CPU Computing Using CUDA, Eclipse, and Java with JCuda

Introduction

PCs come with an amazingly powerful device: a graphics processing unit (GPU). It is mostly underutilized, often doing little more than rendering a desktop to the user. But computing on the GPU is refreshingly fast compared to conventional CPU processing whenever significant portions of your program can be run in parallel. The applications are seemingly endless including: matrix computations, signal transformations, random number generation, molecular modeling, and password recovery. Why are GPUs are so effective? They have hundreds, in some cases thousands, of cores available for parallel processing. Compare this to the typical one to four CPU cores on today's PCs. (For a more technical treatment see: graphics.stanford.edu/~mhouston/public_talks/cs448-gpgpu.pdf

Here I present a way to use the power of NVidia's CUDA-enabled GPUs for computing using Java and an Eclipse-based IDE. My platform is Linux Mint 13 (64 and 32 bit), but the process can be reproduced on many other Linux distributions and can be adapted (by a resourceful reader) to a Windows install.

Background

Easily accessing the power of the GPU for general purpose computing requires a GPU programming utility that exposes a set of high-level methods and does all of the granular, hardware-level work for us. The popular choices are OpenGl and CUDA. CUDA works only with NVIDIA GPUs. I use NVIDIA devices and this article presents a CUDA solution.
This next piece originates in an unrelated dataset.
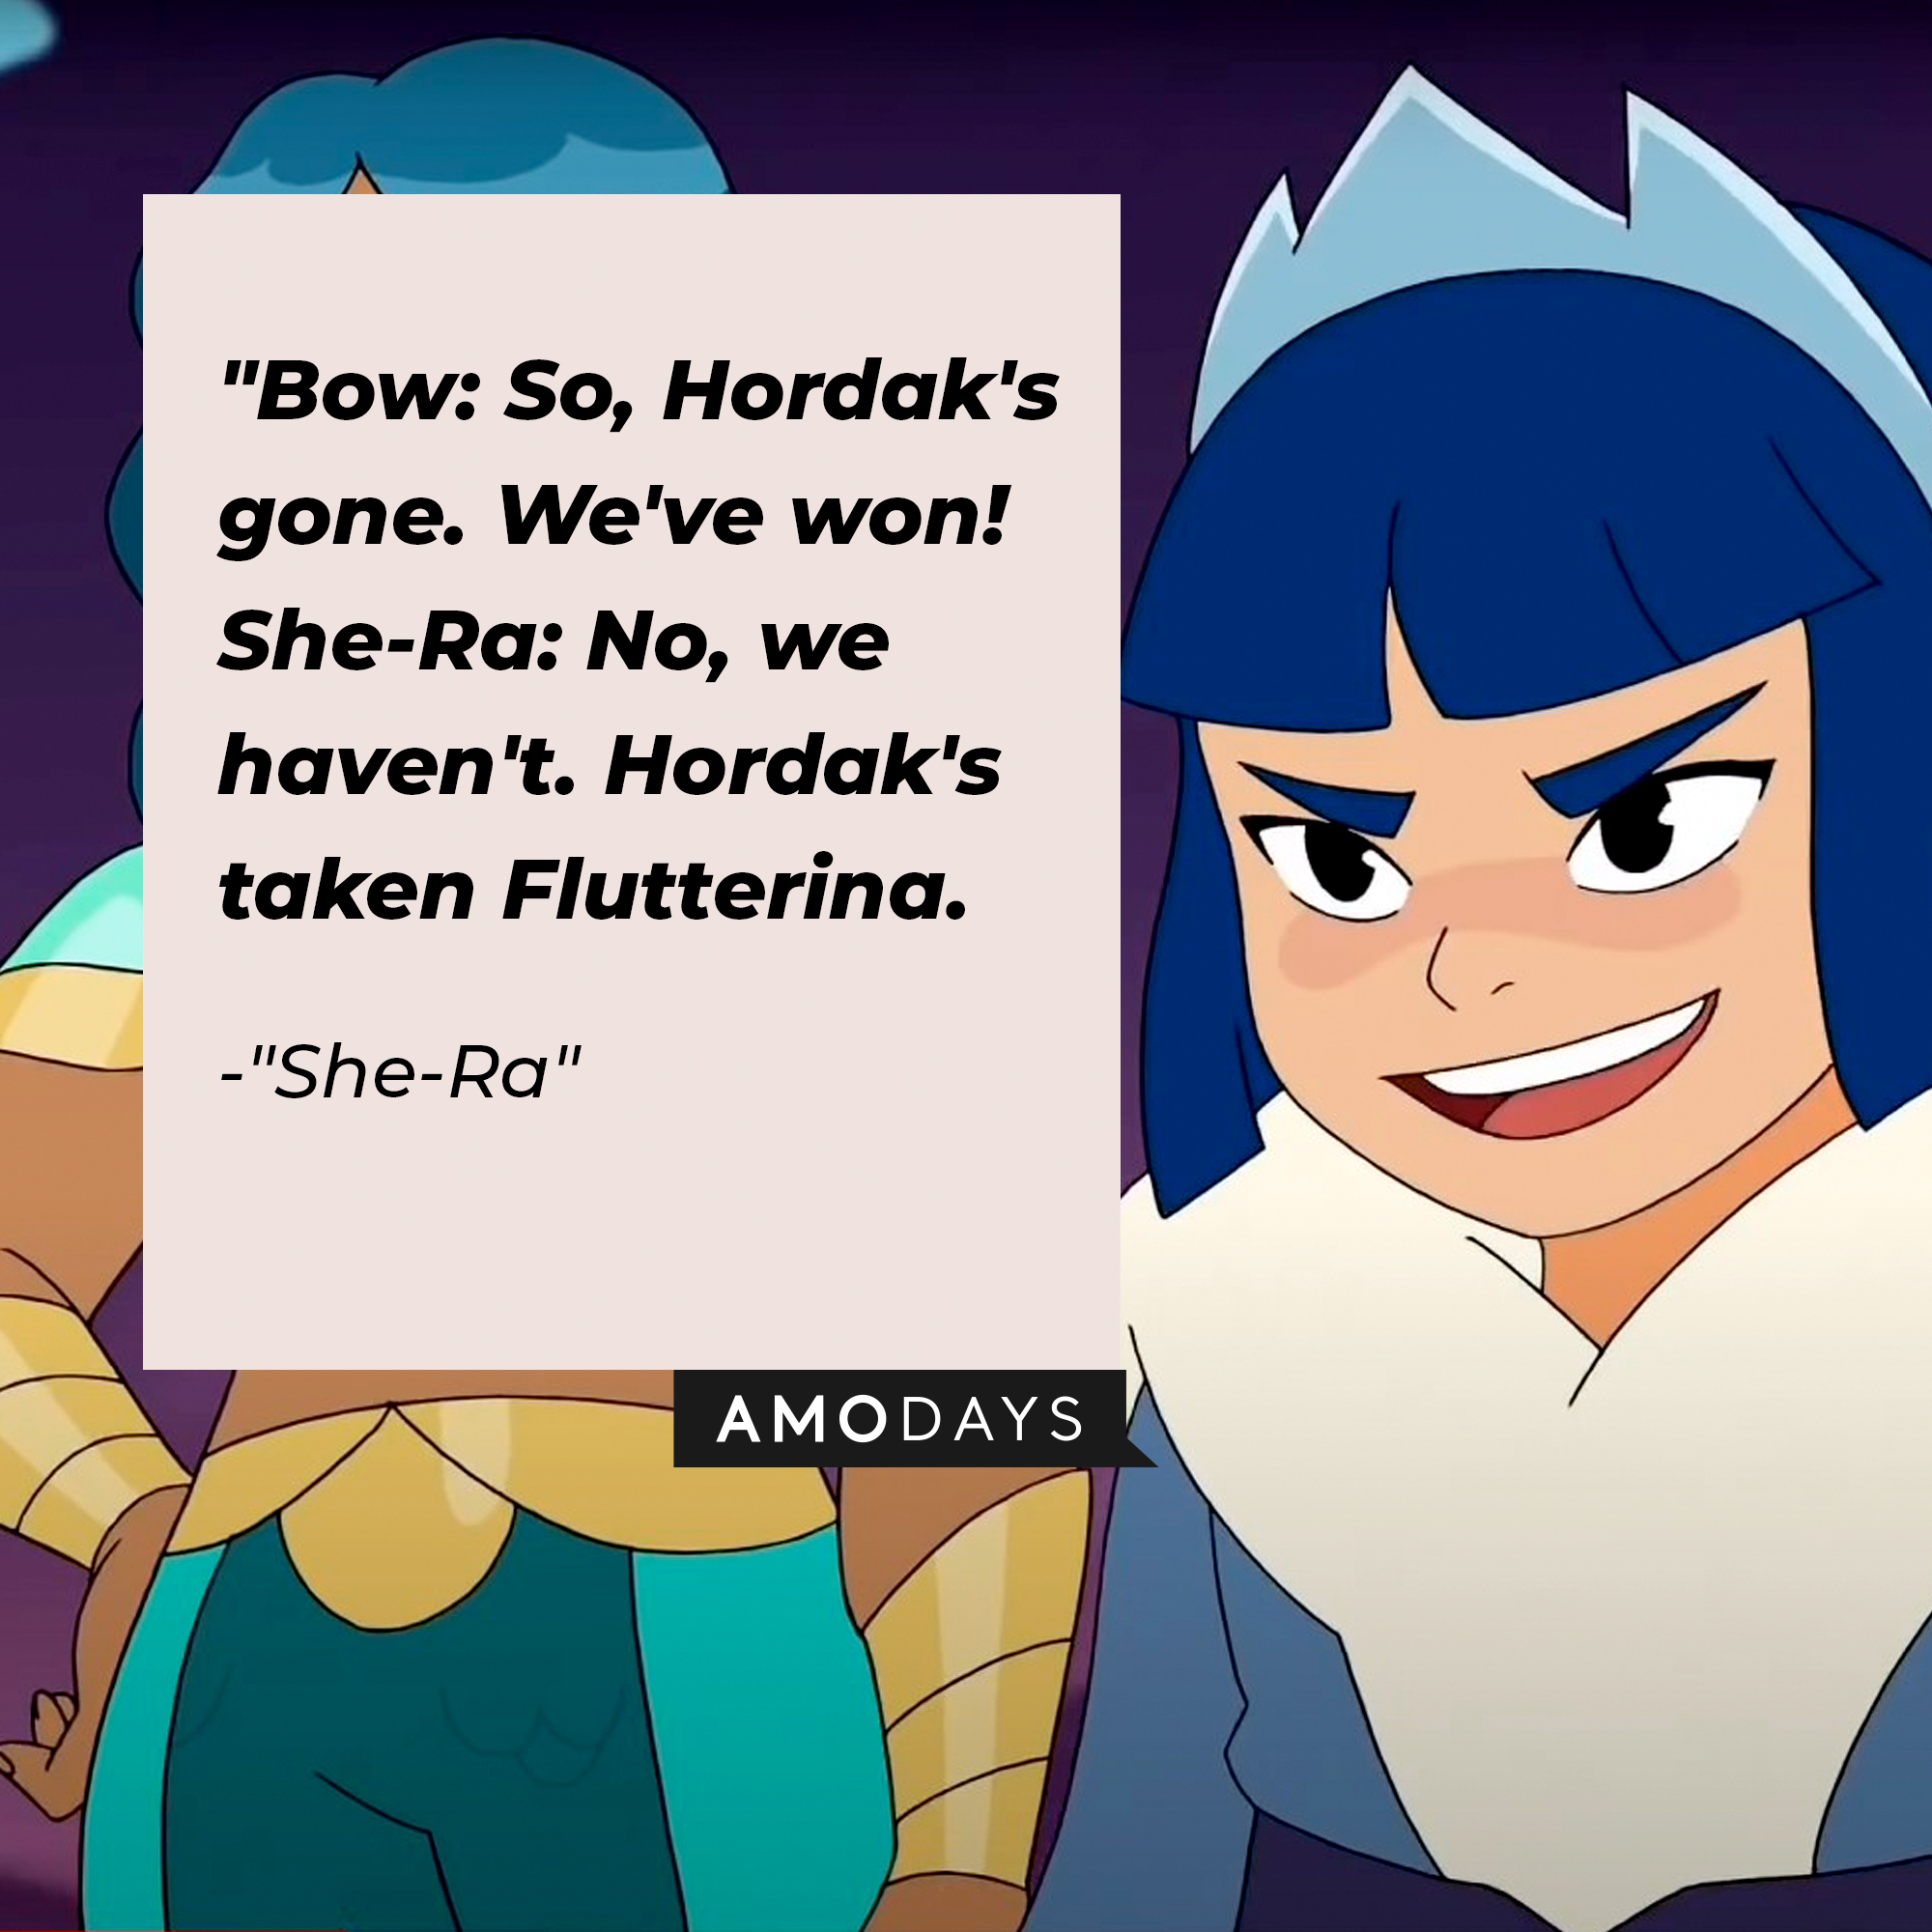 "She-Ra's" quote: "Bow: So, Hordak's gone. We've won! / She-Ra: No, we haven't. Hordak's taken Flutterina." | Source: Facebook.com/DreamWorksSheRa

Eclipse is my favourite IDE for programming in Java, C++, and PHP. NVIDIA provides an Eclipse-based IDE, named Night, which is preconfigured for CUDA C++ development. Other features, like Java, PHP, etc., can be added to your Nsight installation from any available Eclipse software repository.
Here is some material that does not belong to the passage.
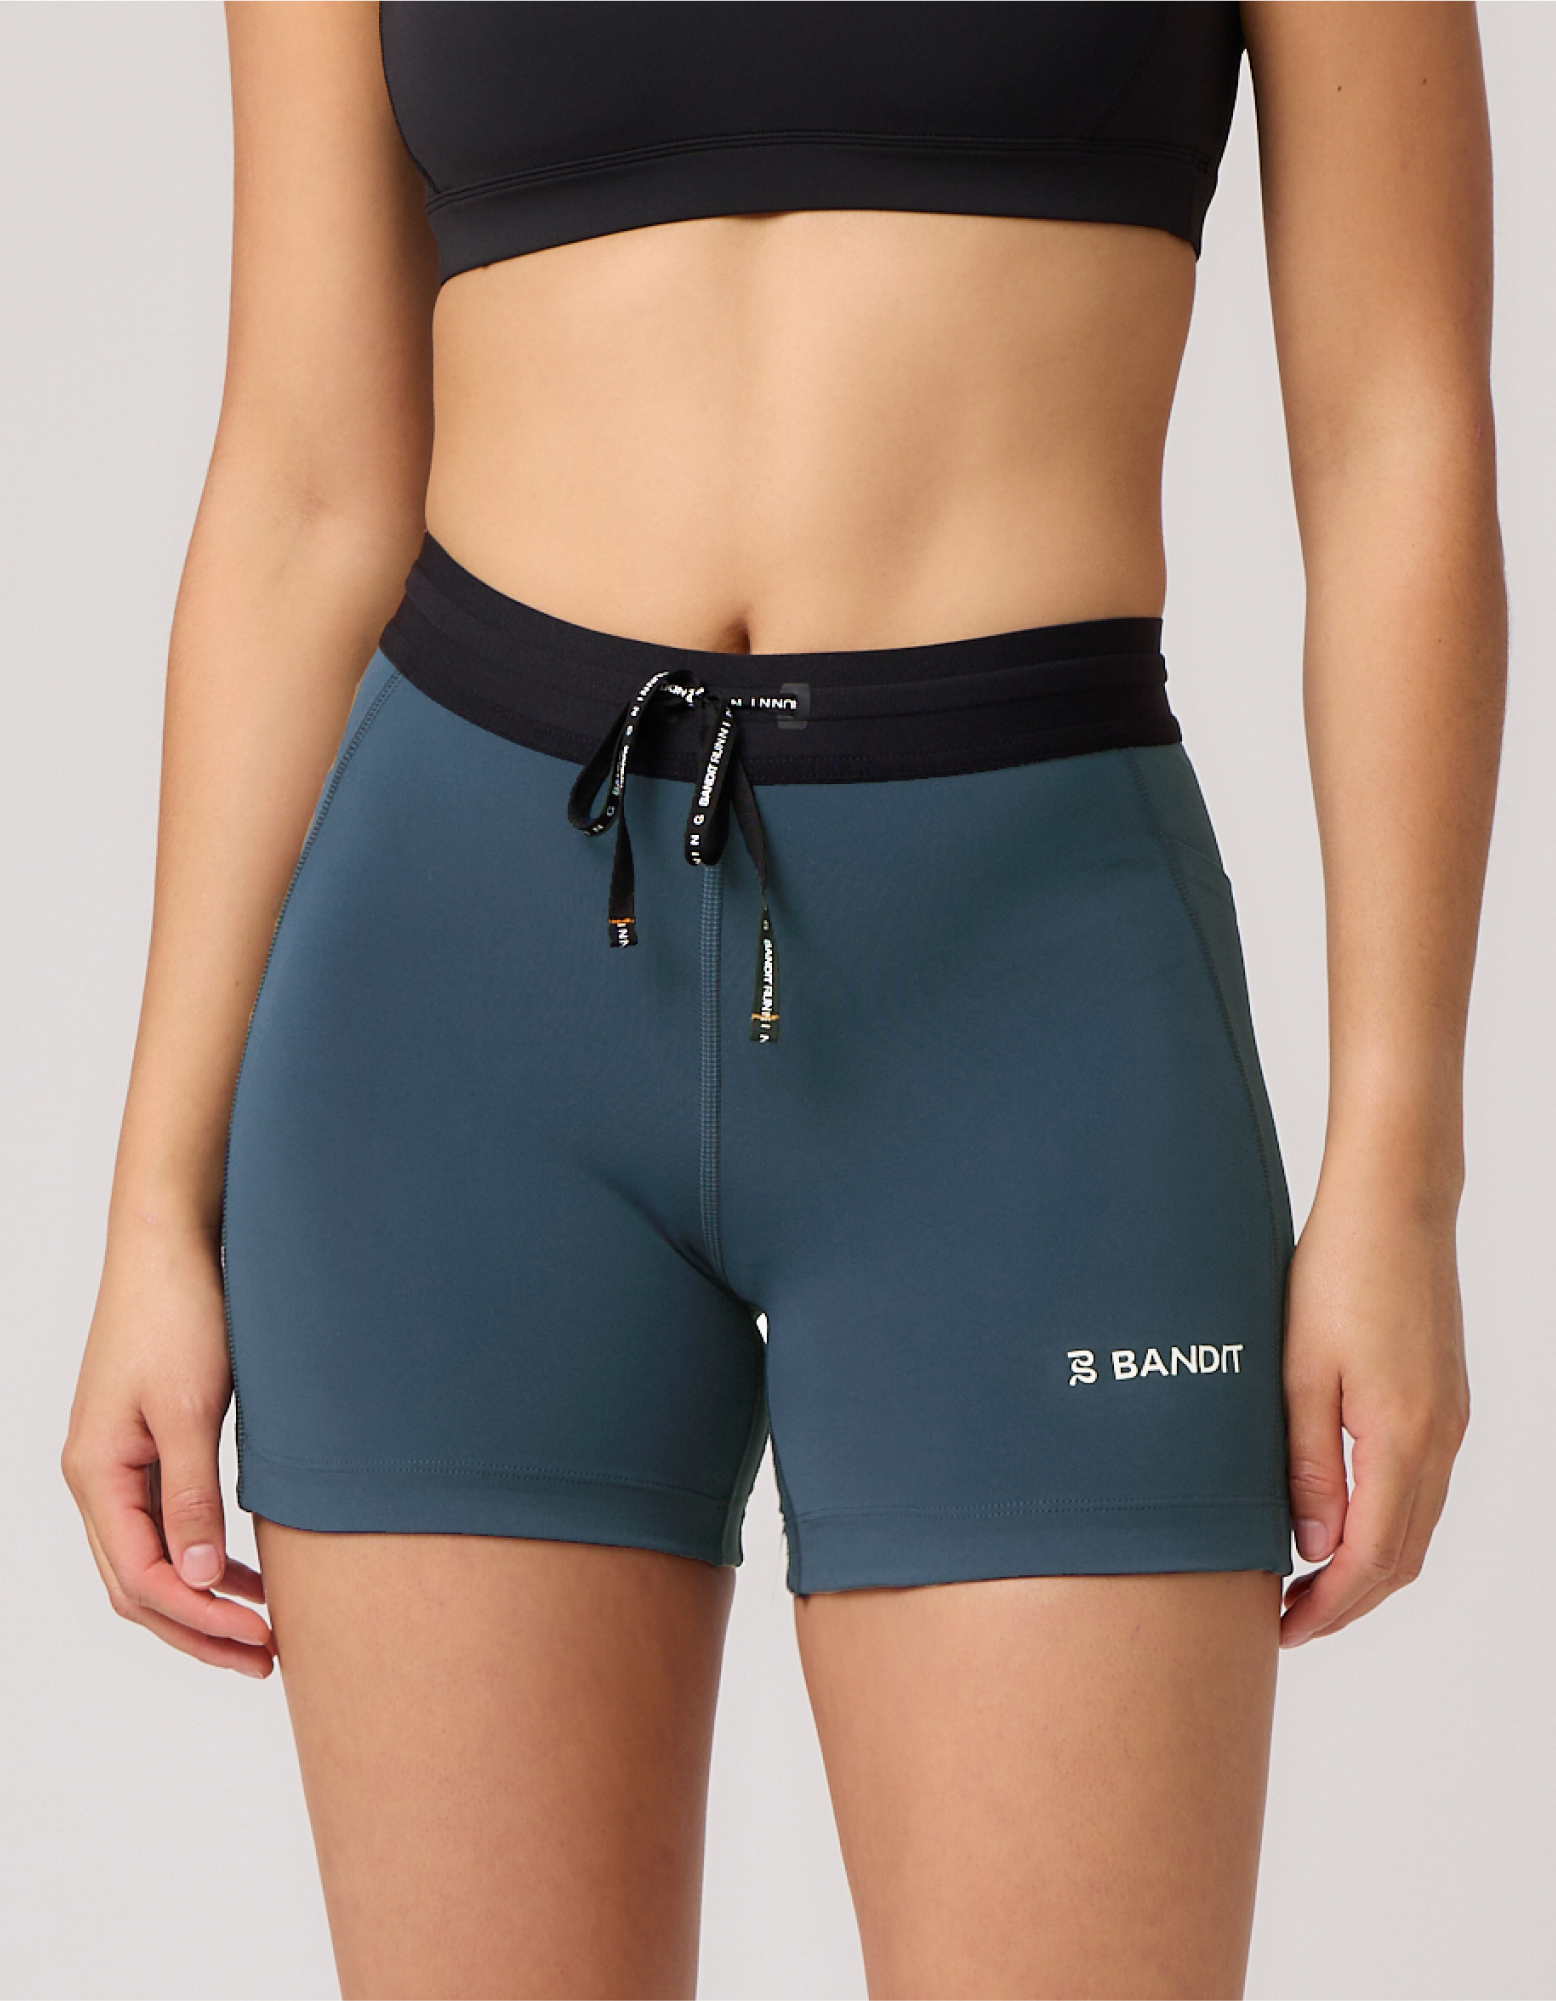 Bandit Stamina 5 Compression Shorts - Women's

Direct programming with CUDA requires using unmanaged C++ code. I prefer programming with managed code. To do this I use a method for wrapping the C++ functionality of CUDA in bindings that are accessible to Java. In the past, on a Windows 7 platform, I wrote my own wrappers for use with C#.net code. With Java, this is not necessary because open source wrappers are available. I use JCuda.

There are four basic elements presented here:

Determining if you have a compatible GPU
Installing/configuring CUDA
Configuring Nsight for Java
Utilizing JCuda

Sometimes tutorials present steps that the writer followed on an existing production machine that already had certain prerequisite configurations in place. Consequently, when a reader follows the steps, the procedure may fail. To avoid this, I tested the process described below from a fresh install of Mint 13_64 bit and a separate, fresh install of Linux Mint 13_32 bit. I chose the Mate flavour in both cases. Here are the details of my demonstration machines:

GeForce GTX 560 Ti GPU (My 32 bit install has a Quadro NVS 160M GPU)
Fully updated (with update manager)
Added gedit for convenience
Only in special cases (see later): Installed the standard, proprietary, Nvidia driver through Menu > All > Additional drivers.;

Just a note

Computationally intensive applications, e.g. Fourier transforms, whether they are done on the CPU or the GPU, will give your system a stress test. Start small and monitor system temperatures when you have high computational overhead.

Setup

Step 1: Do you have a compatible GPU?

NVidia has an exhaustive list of CUDA-compatible GPUs on their Developer Zone web site: http://developer.nvidia.com/cuda-gpus. Check to see if yours is listed. Stop if it isn't and look into an OpenGL approach.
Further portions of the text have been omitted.